President Director & CEO Indosat Ooredoo Ahmad Al-Neama (kedua kiri) didampingi Director & Chief Operating Officer Indosat Ooredoo Vikram Sinha (kiri) saat menyerahkan donasi kepada lima mitra penerima donasi yakni Baznas, PMI, Rumah Zakat, ACT, Human Initiative, dan Jakarta Turisindo disaksikan oleh Gubernur DKI Jakarta, Anies Baswedan (kedua kanan) di Balaikota DKI Jakarta, Selasa (5/5).

Jakarta, Aktual.com – Gubernur DKI Jakata, Anies Baswedan dinilai melanggar Undang-Undang Nomor 6 Tahun 2018 tentang Kekarantinaan Kesehatan dengan mengumumkan Pembatasan Sosial Berskala Besar (PSBB). Anies pun dinilai layak dinonaktifkan dari jabatannya sebagai orang nomor satu di Ibu Kota.

Wakil Ketua Umum Partai Gerindra, Arief Poyuono menjelaskan, Anies layak dinonaktifkan karena memberlakukan PSBB tanpa sepengetahuan pemerintah pusat, dalam hal ini Presiden Joko Widodo (Jokowi).

“Anies sudah layak di non aktifkan. Karena penetapan PSBB wilayah tidak bisa tanpa sepengetahuan pemerintah pusat dalam hal ini Presiden Jokowi,” tegasnya dalam keterangan pers yang diterima rri.co.id, Kamis (10/9).

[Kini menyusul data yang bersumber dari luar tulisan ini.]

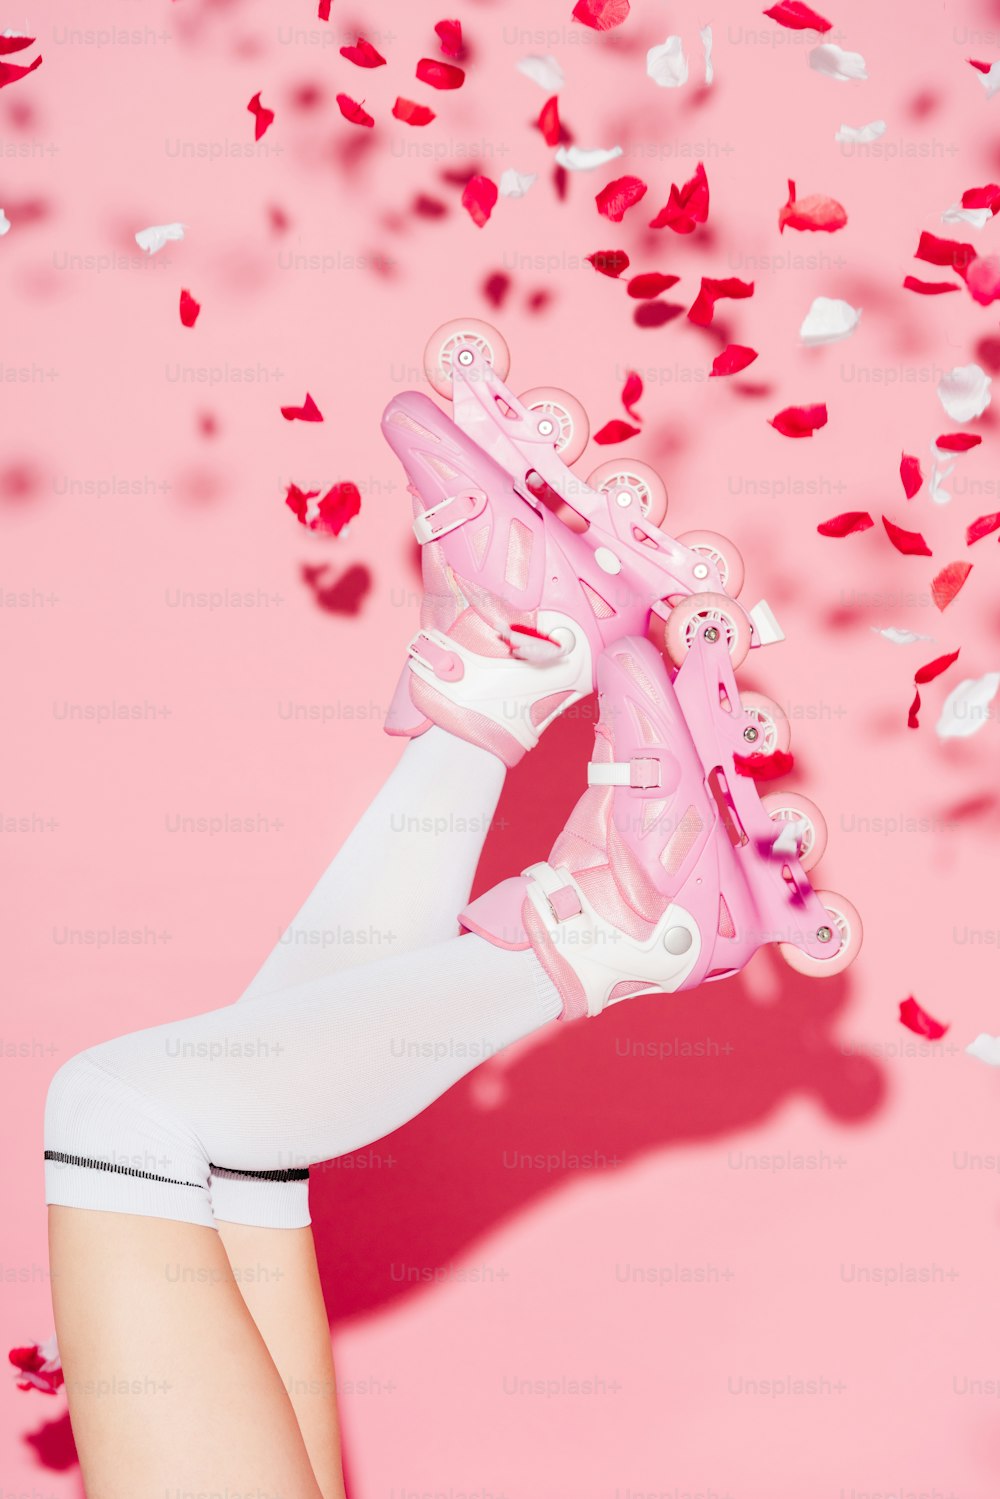 visão cortada da menina que usa meias longas e patins perto de pétalas de rosa em rosa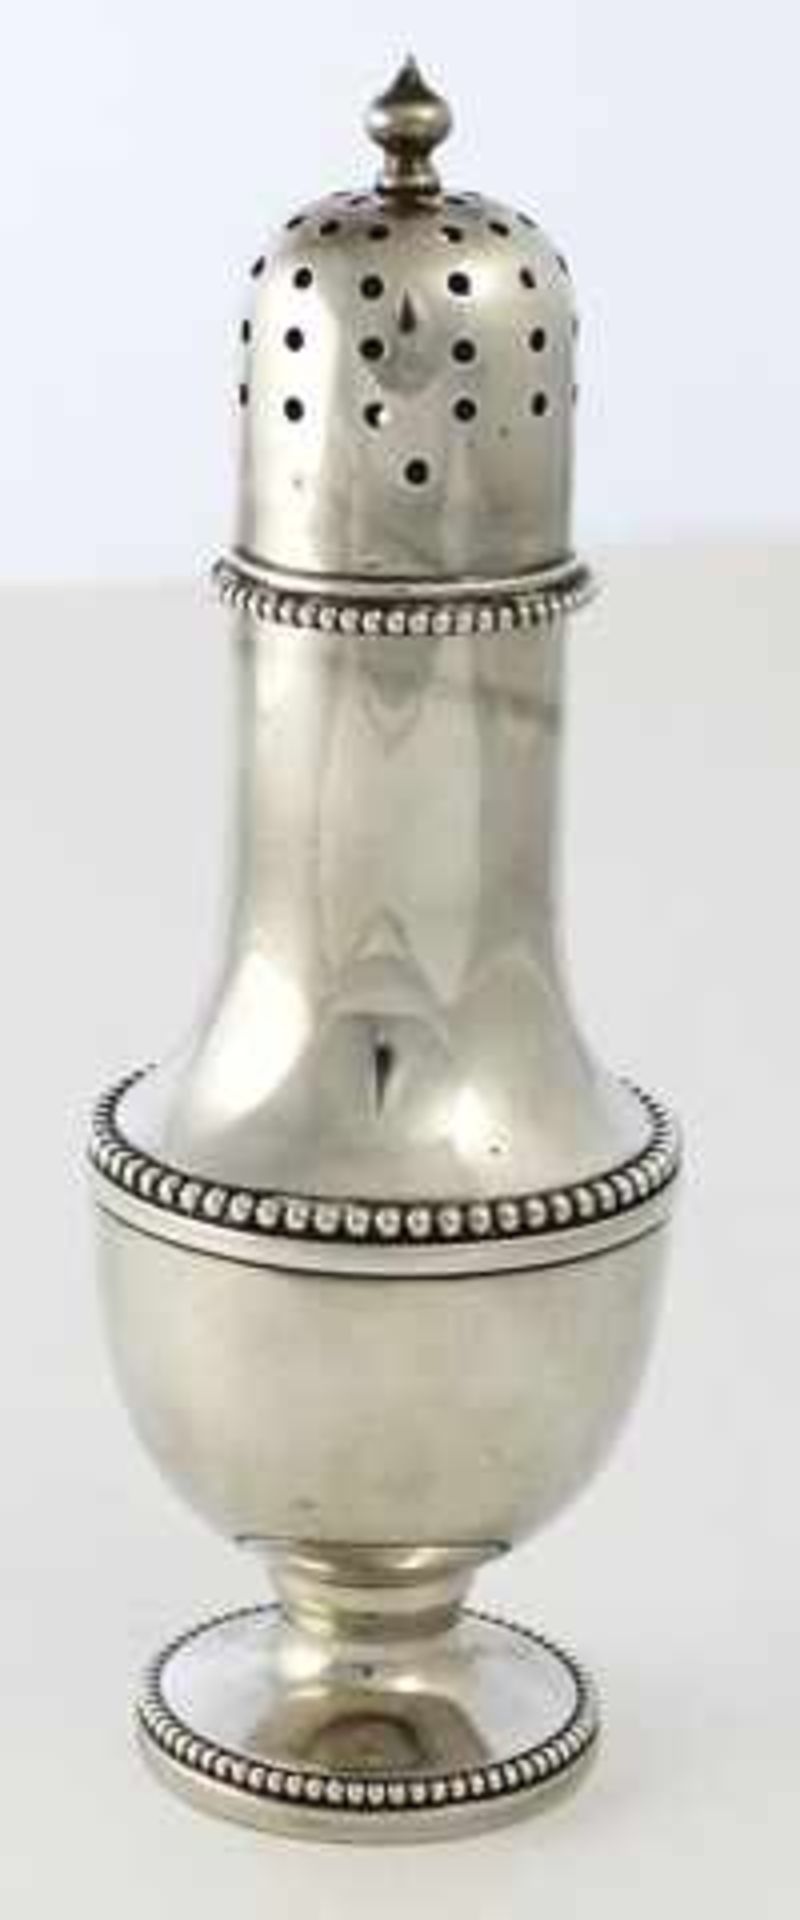 Gewürzstreuer mit abnehmbarem Deckel in 835er Silber, punziert B & N; Gewicht: 102 g, Höhe: 15,0 cm.

Menurutnya, dampak pengumuman Anies secara sepihak lebih berbahaya karena dapat menyebabkan ketakutan yang luas di tengah masyarakat. Padahal masyarakat kini sedang mencoba bangkit kembali dalam era normal baru yang dicanangkan oleh Jokowi.

“Kalau dibiarkan maka Anies telah mendelegitimasi pemerintahan Presiden Jokowi,” ketusnya.

Maka dari itu menurut dia,, Ketua Umum Partai Gerindra, Prabowo Subianto perlu segera menghadap Presiden Jokowi untuk meminta penonaktifan Anies.

“Untuk itu juga Partai Gerindra perlu segera mempersiapkan kadernya yang saat ini menjadi Wakil Gubernur DKI untuk menjabat sementara posisi Gubernur,” imbuhnya.

Sebelumnya, Anies memutuskan untuk menarik rem darurat dan kembali menerapkan PSBB total sebagaimana awal pandemi Covid-19 lalu.

Akibatnya, aktivitas perkantoran di Jakarta, mulai 14 September 2020 akan dilakukan dari rumah. Hanya akan ada 11 bidang esensial akan beroperasi.

Adapun alasan Anies mengambil kebijakan ini karena penyebaran Covid-19 di Jakarta yang kian meluas, namun tidak mampu diimbangi dengan fasilitas kesehatan yang memadai.

Anies mengklaim bahwa keputusan sudah sesuai dengan arahan Presiden Jokowi tentang pengendalian kesehatan menjadi prioritas utama ketika akan melakukan pemulihan ekonomi di situasi Covid-19 sekarang ini.

“Presiden menyatakan dengan tegas bahwa jangan restart ekonomi sebelum kesehatan terkendali. Beliau meletakkan kesehatan sebagai prioritas utama. Dengan melihat kedaruratan ini, tidak ada banyak pilihan bagi Jakarta kecuali untuk menarik rem darurat segera mungkin,” ujar Anies kepada wartawan di Balai Kota.(RRI)

(Warto'i)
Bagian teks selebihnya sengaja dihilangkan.